Example Python API (Flask):

from flask import Flask, request
import joblib

app = Flask(__name__)
model = joblib.load("model.pkl")

@app.route('/predict', methods=['POST'])
def predict():
    data = request.json
    prediction = model.predict([list(data.values())])
    return str(prediction[0])

app.run()

You now have your own AI threat detector.


📁 9. Portfolio Ideas (For Students)

Add these to your cybersecurity portfolio:

  • GitHub repo of this project
  • Kaggle notebook
  • LinkedIn post documenting the process
  • PDF report including evaluation metrics
  • A video demo on YouTube or Instagram

This massively boosts your employability.

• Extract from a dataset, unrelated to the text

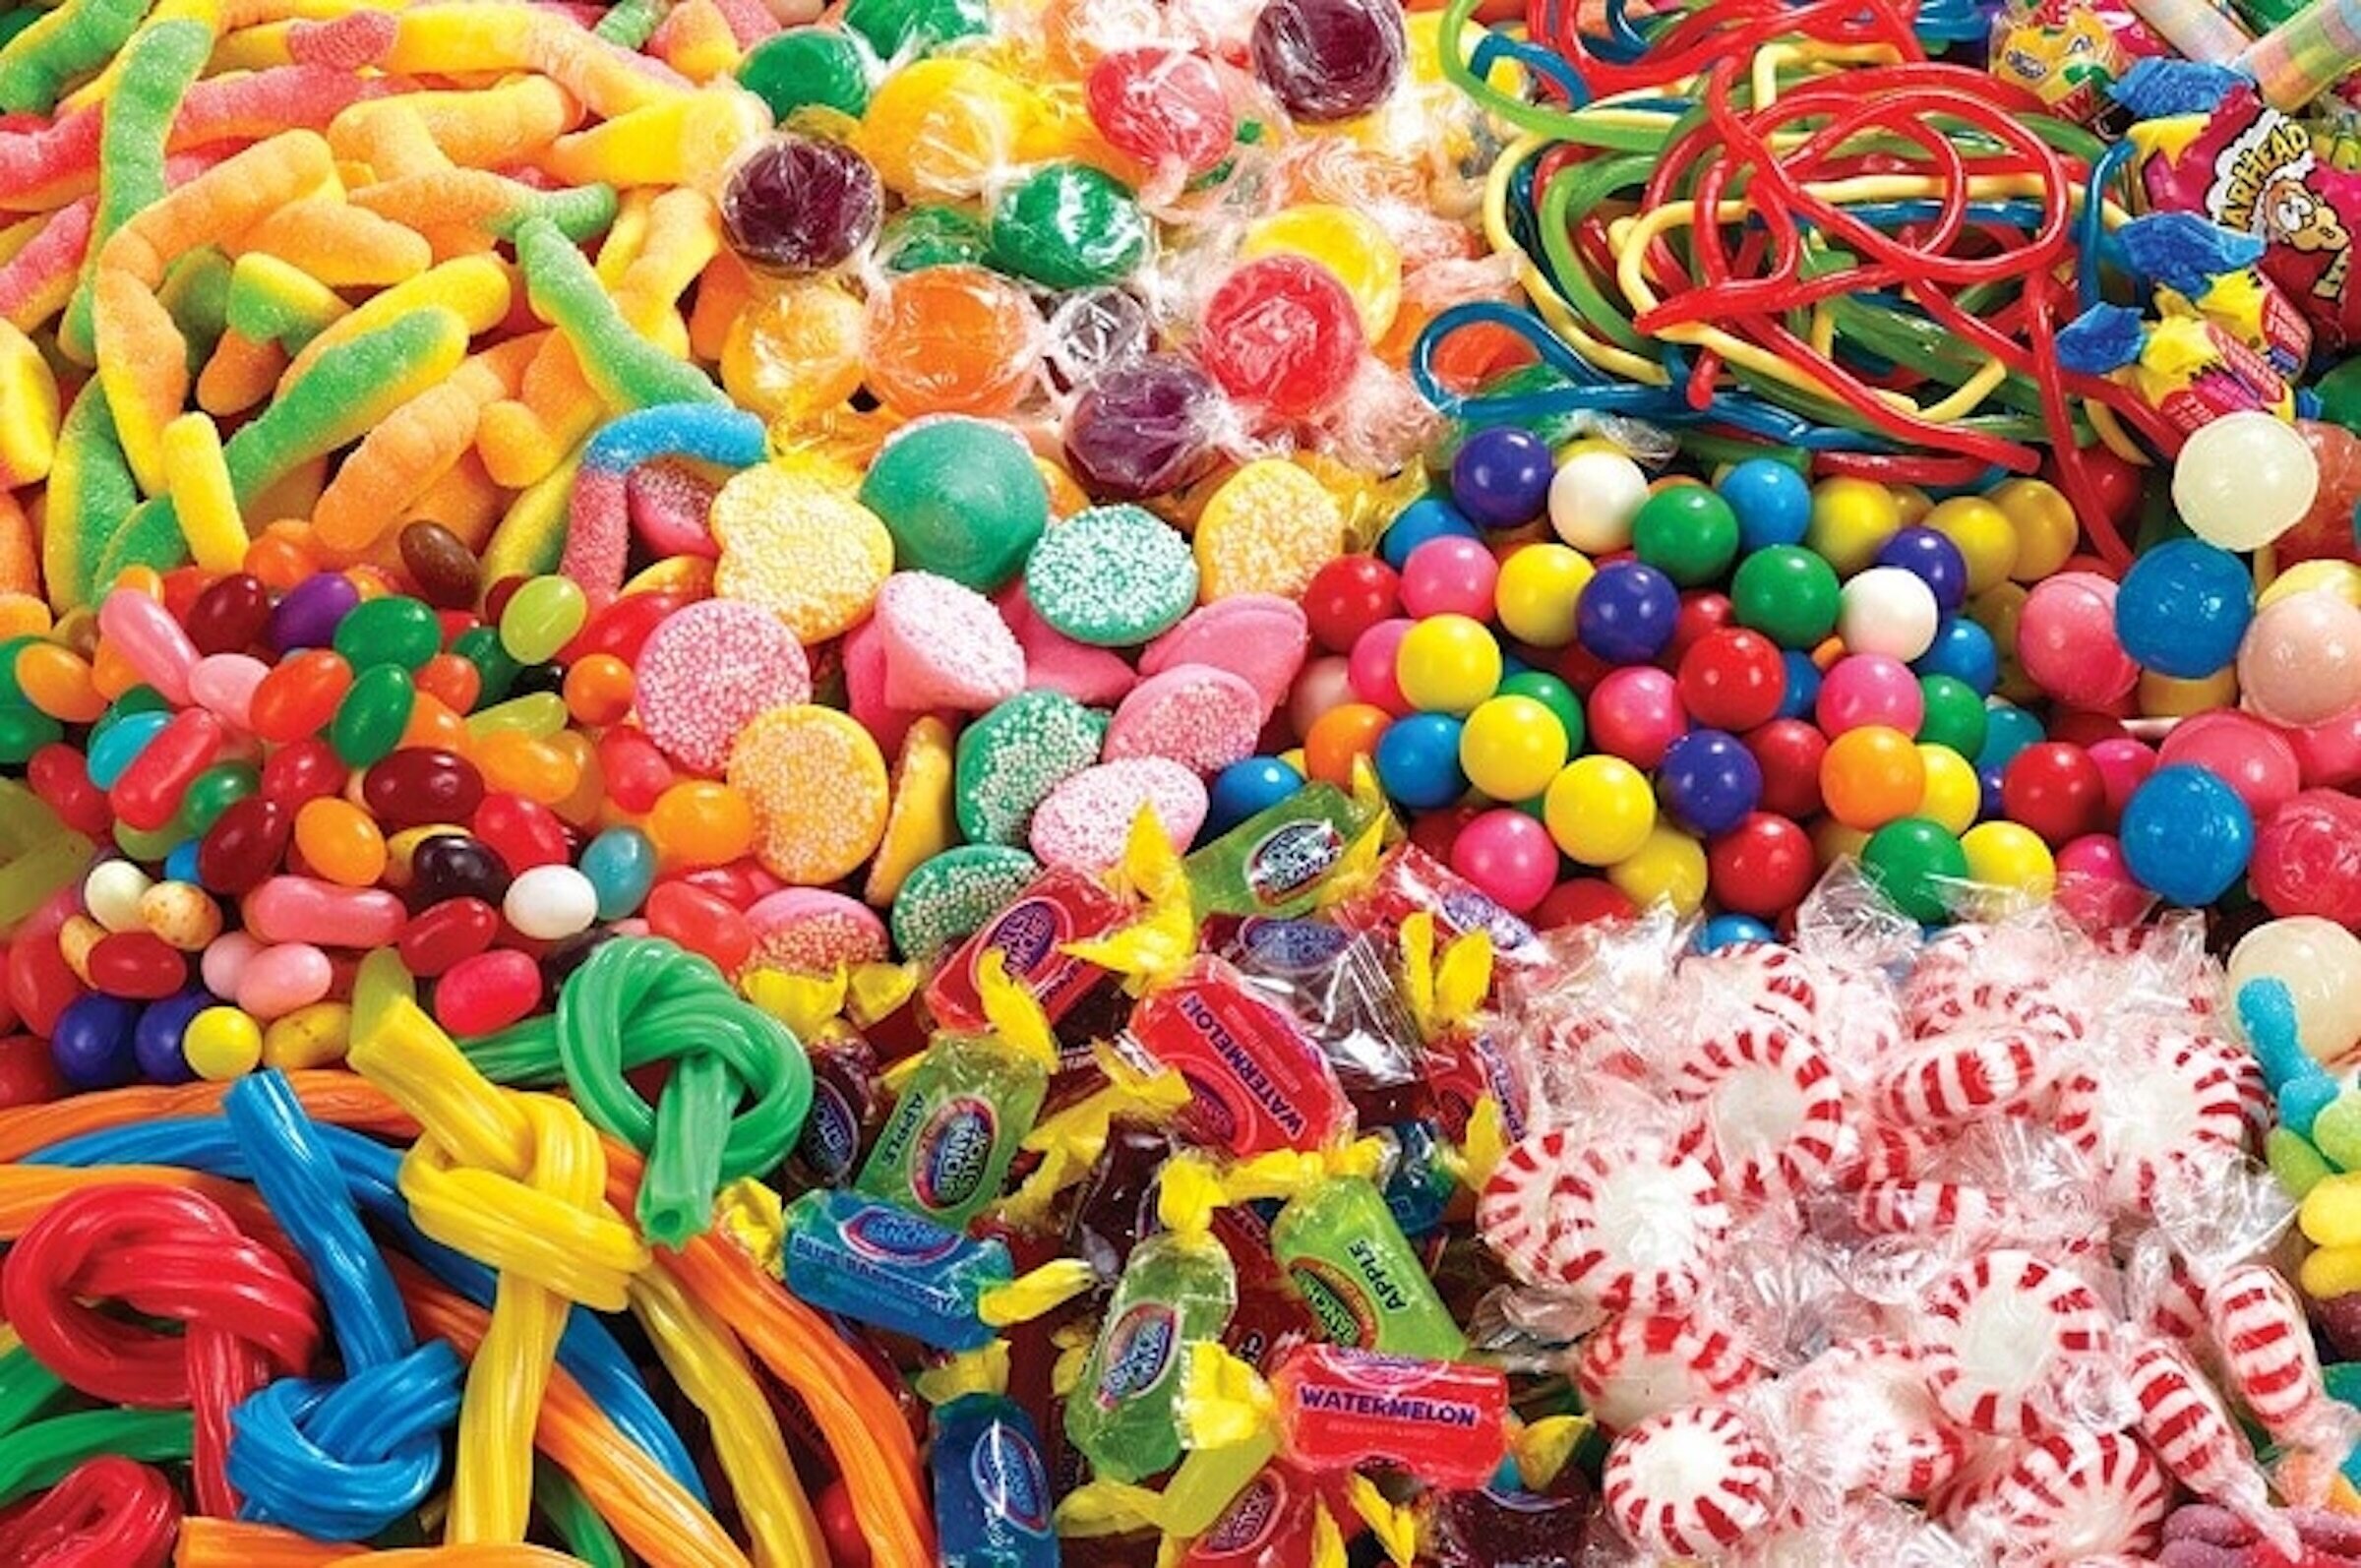 Không nên ăn quá nhiều kẹo. (Ảnh minh hoạ)

🧩 10. Diagram: ML Threat Detection Pipeline

 +-------------------+
 |    Raw Traffic    |
 +---------+---------+
           |
    Feature Extractor
           |
 +---------+---------+
 |  ML Model (RF)    |
 +---------+---------+
           |
    Threat Prediction
 (Benign | Malicious)

🎓 11. Common ML Models Used in Threat Detection

ModelBest For
Random Forestfirst models, structured data
XGBoosthigh accuracy models
SVMsmall datasets
LSTMsequence-based logs
Autoencoderanomaly detection
CNNmalware byte analysis

Your first project uses Random Forest — perfect for beginners.


📌 Key Takeaways

  • This project teaches the basics of ML in cybersecurity.
  • You built your first AI threat classifier using real data.
  • It works for network anomaly detection, SOC automation, and security analysis.
  • You learned feature extraction, model training, evaluation, and visualization.
  • This can be added to your cybersecurity portfolio immediately.